May’s campaign was genuinely the worst in the history of UK politics. It could have only gone worse if she threatened Trident on England.
They don't need to attack the details, just the specific downsides.
 
I think their significance is inflated by their blatant exploitation of Parliament as a media platform. When one stands up at PMQs the others are like a pack of performing seals smacking their flippers and emitting incomprehensible honks. Outside the TV set pieces they are conspicuously absent - most probably guzzling whiskey soaked porridge and snorting coke.

I can think of worse ways to spend a day...
 
Someone at the Bluemoon meet-up back in September for Vinny's testimonial said he knows Johnson from some years back, and whatever people think of him as a politician/PM, he's actually a very clever bloke when it comes to a particular field which I think, from memory, was something like nucleur physics. I'm pretty sure a job like that would pay a lot more than 89K a year!

He’s a very smart bloke. People who can’t look past his bumbling nature and persona are the morons.

He’s also a proper **** though but a smart one.
 
I've no idea what you're on about Vic. You're not dim, so you understand what lie means. It does not mean saying something you believe to be true and subsequently failing to deliver it. You know that, so stop pissing about wasting everyone's time with nonsense.
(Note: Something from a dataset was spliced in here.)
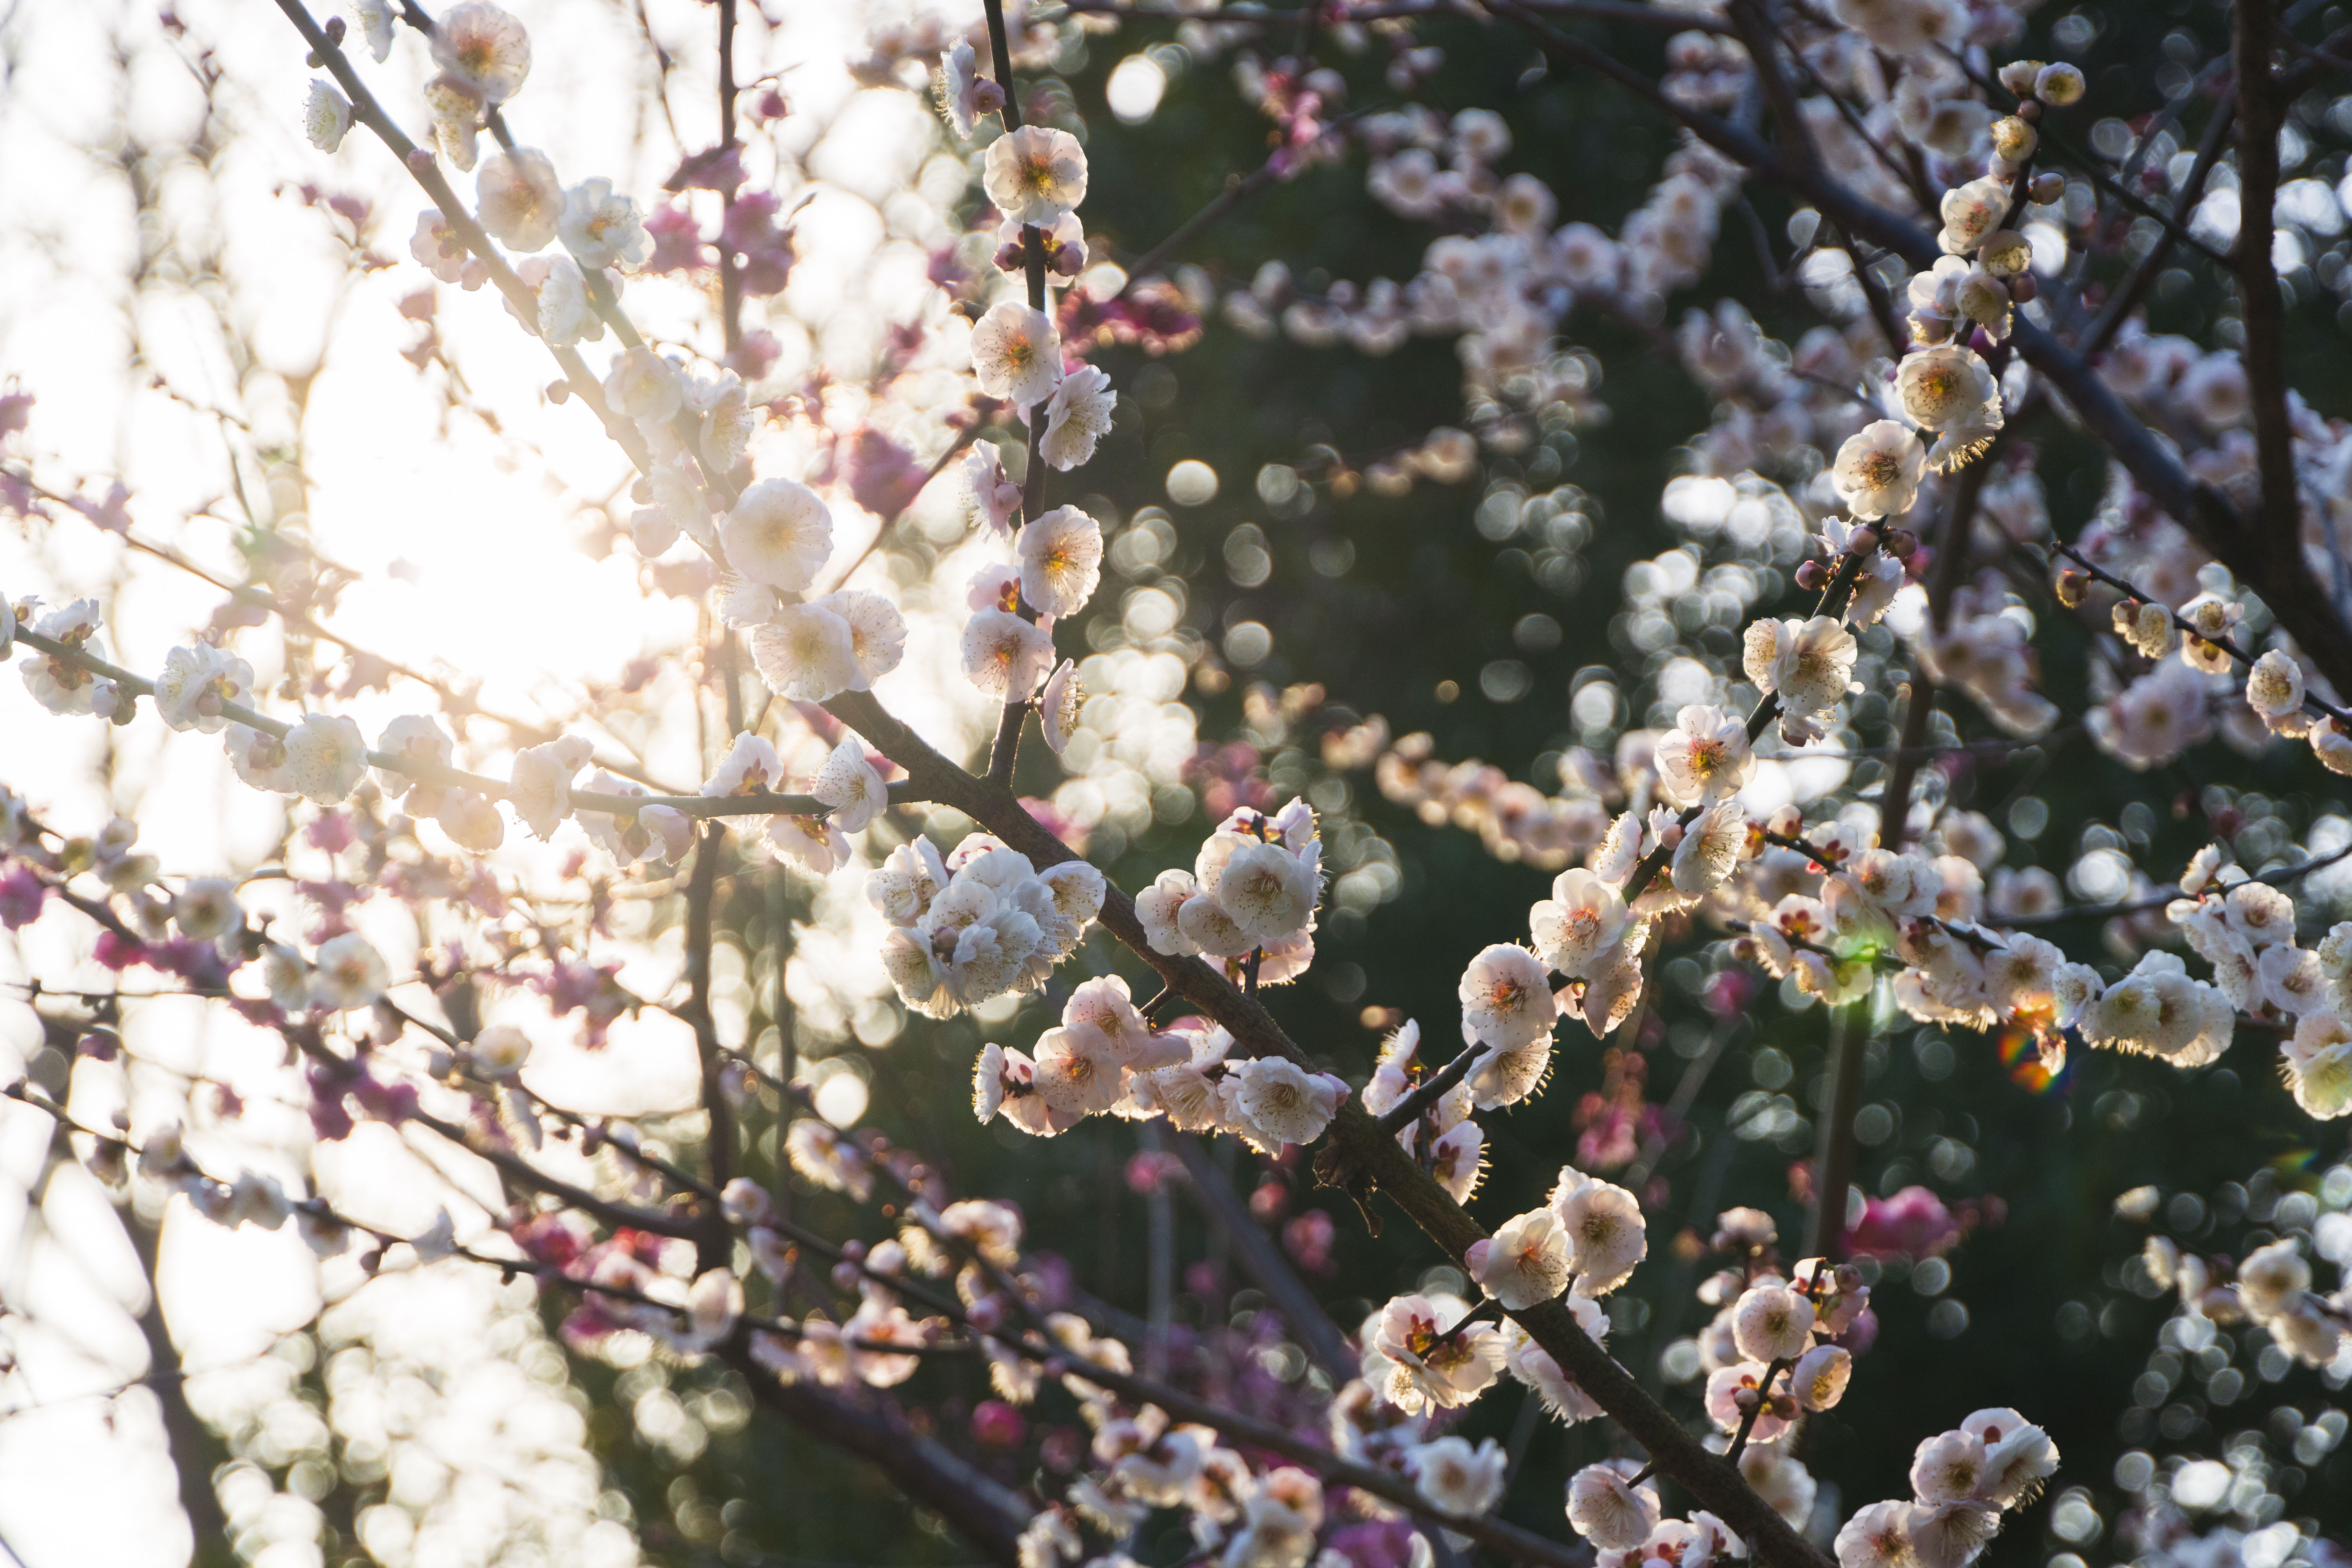 General 6000x4000 spring peach blossom sunlight flowers nature branch

So the only lie of the referendum campaign was that "even if we leave we will still be in a free trade zone from Iceland to the Russian border"? Everything else was just failed delivery?

For the sake of clarity, I could believe Farage was not lying when he said we could be like Norway and Johnson meant it when he said “I think we can strike a deal as the Canadians have done based on trade and getting rid of tariffs. It’s a very, very bright future I see". But that FTZ was presented as an automatic default position if we left.

But definition? There's a thin line between "that's not true" and "that's a lie". On this thread if you say the first you may well get the response "are you calling me a liar?"

Bottom line? Johnson is careless with the truth. Very careless. The British Trump - actually no, that was just a lie by his American model.
 
...

...We may have absolutely no intention whatsoever of doing anything detrimental to workers' rights, but it would still be ludicrous to put our own democratic control of such, out of the jurisdiction of our own parliament. What on earth is the point of leaving to take back control of our own laws, only to hand control over to someone else? It's a nonsense.

Handing over control is precisely what will happen during the years of status quo/transition and depending on what future trade deal we do negotiate there could be several years of an actual ‘implementation period’. The length of this though will depend on exactly how close a relationship we negotiate and whilst that will depend on who is in power over the next five to ten years it will largely be dictated by trade gravity and the need to fit into the EU economic zone especially on Services. It will also be dictated by NI as the only back for them would be through close regulatory alignment etc.

To be honest all I can see is years of uncertainty for the UK, it’s people and businesses and at the end if it we will be pretty much where we are now.